Just applying power doesn't seem to do it - I tried plugging it into the PCI
bus of an old PC and the fan worked but nothing else. I think either: the
PIC microcontroller or the Intel bus bridge IC might be holding the SunPCi
in reset, or the modified bios on the SunPCi card might be unwilling to
boot without some words of encouragement from a genuine Sun workstation, or
something I haven't thought of.
If I plug it into the Sun machine and run the software on the SPARC cpu that
tells the SunPCI to boot, then from what I remember, the internal video
port of the SunPCI does become active and shows some text whilst the bios
boots properly and then when Win98 runs off the emulated hard drive, the
video is switched over to the window on the Sun desktop, so if it were
possible to boot the SunPCi without the Sun then I ought to see something
on the video port.
I considered trying to find out about an open-source bios which could
replace the one on the board but it looks to me like these open BIOSs are
only available for specific motherboards.
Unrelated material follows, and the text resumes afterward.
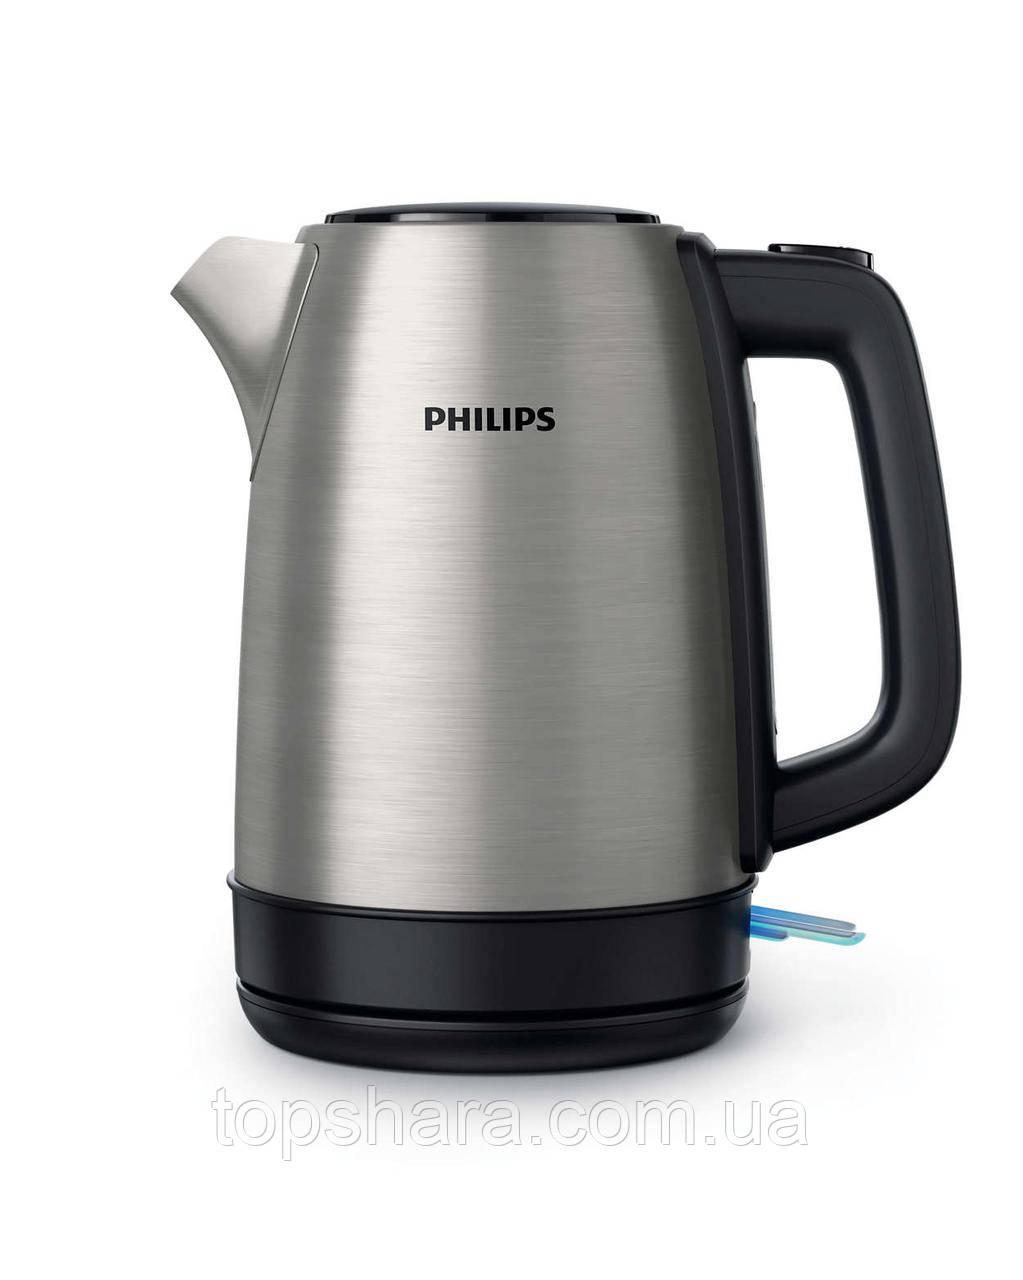 Електрочайник Philips HD9350/91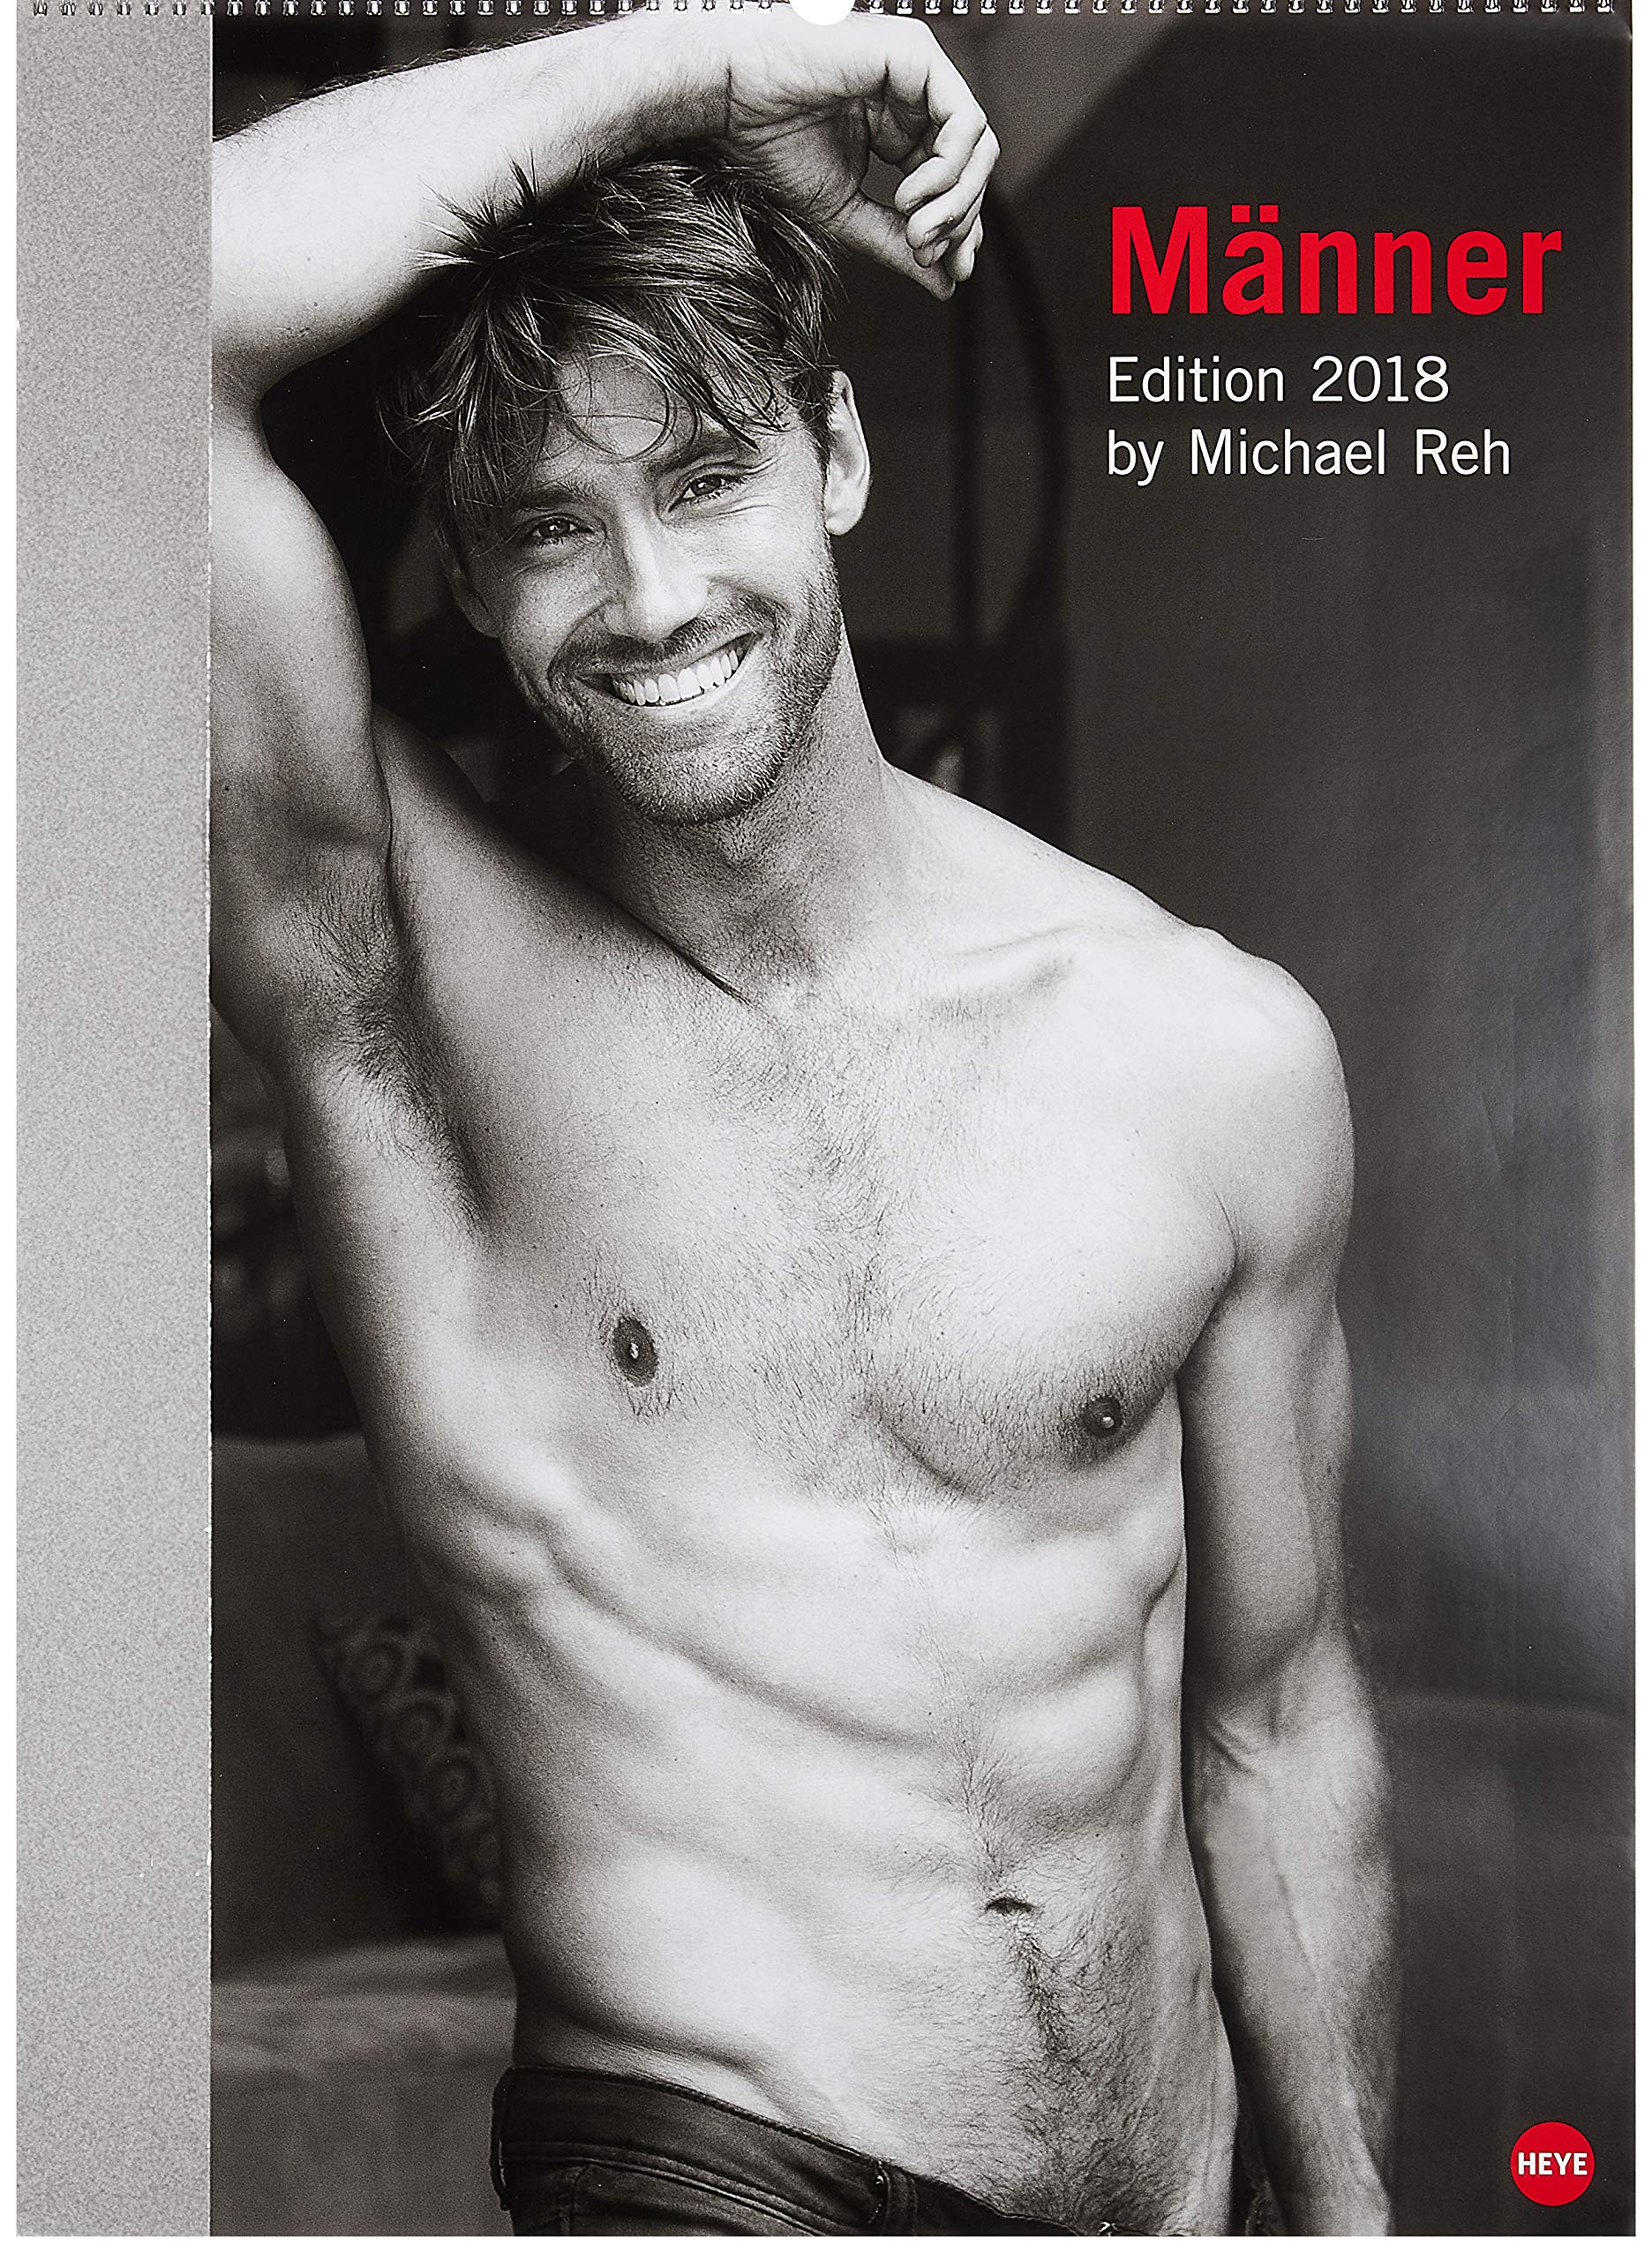 Männer Edition - Kalender 2018 Kalender – 16. Mai 2017 Michael Reh 3840148820 Fotografie Akt (Fotografie) (Kalender)

These cards are sitting in a pile at work and are causing me great anguish
because I can see that they are basically complete low power PCs and they
will sit there forever gathering dust unless I figure out how to persuade
them to boot. Has anyone else played with one of these? (or ideally I'd
love it if one of the designers were lurking here and could give me a quiet
hint...)
Chris
I have access to, and the opportunity to play with, (though not at present
ownership of) a large number of no-longer-required SunPCI cards. The model
is Penguin, Bios V1.1.2 441B. These are basically an AMD x86 PC on a PCI
card which plugs into the bus of a SPARC based sun workstation, to allow
Sun users to run M$ windows / PC programs without getting a separate box,
power supply, hard drive, network connection etc. The card has a 400MHz
AMD cpu, 2 DIMM banks, its own graphics chipset (SiS 5598), W48C67 clock
generation, ESS1869F audio chip, Winbond W83877TF peripherals, it has
USB1.1 I think, some slightly modified Award bios, a PIC16C64A programmed
by Sun, AFAIK to emulate a keyboard and mouse (to get the input from the
Sun keyboard and mouse and to provide this to the PC by emulating the
hardware. The sticker on the PIC says MSKB 18 (c)1998), and it has an intel
21554 PCI bus bridge, to allow the Sun to access the PC memory I think, (or
vice versa?) which allows the PC to render its screen inside a window on
the sun desktop, although there is the option to use the internal graphics
hardware on the SunPCI card and the VGA connector on the card edge. The
card seems to also have an IDE interface though the connector has not been
soldered on since the normal usage is to access the a file on the Sun hard
drive via some software on the Sun CPU over the PCI bus bridge somehow.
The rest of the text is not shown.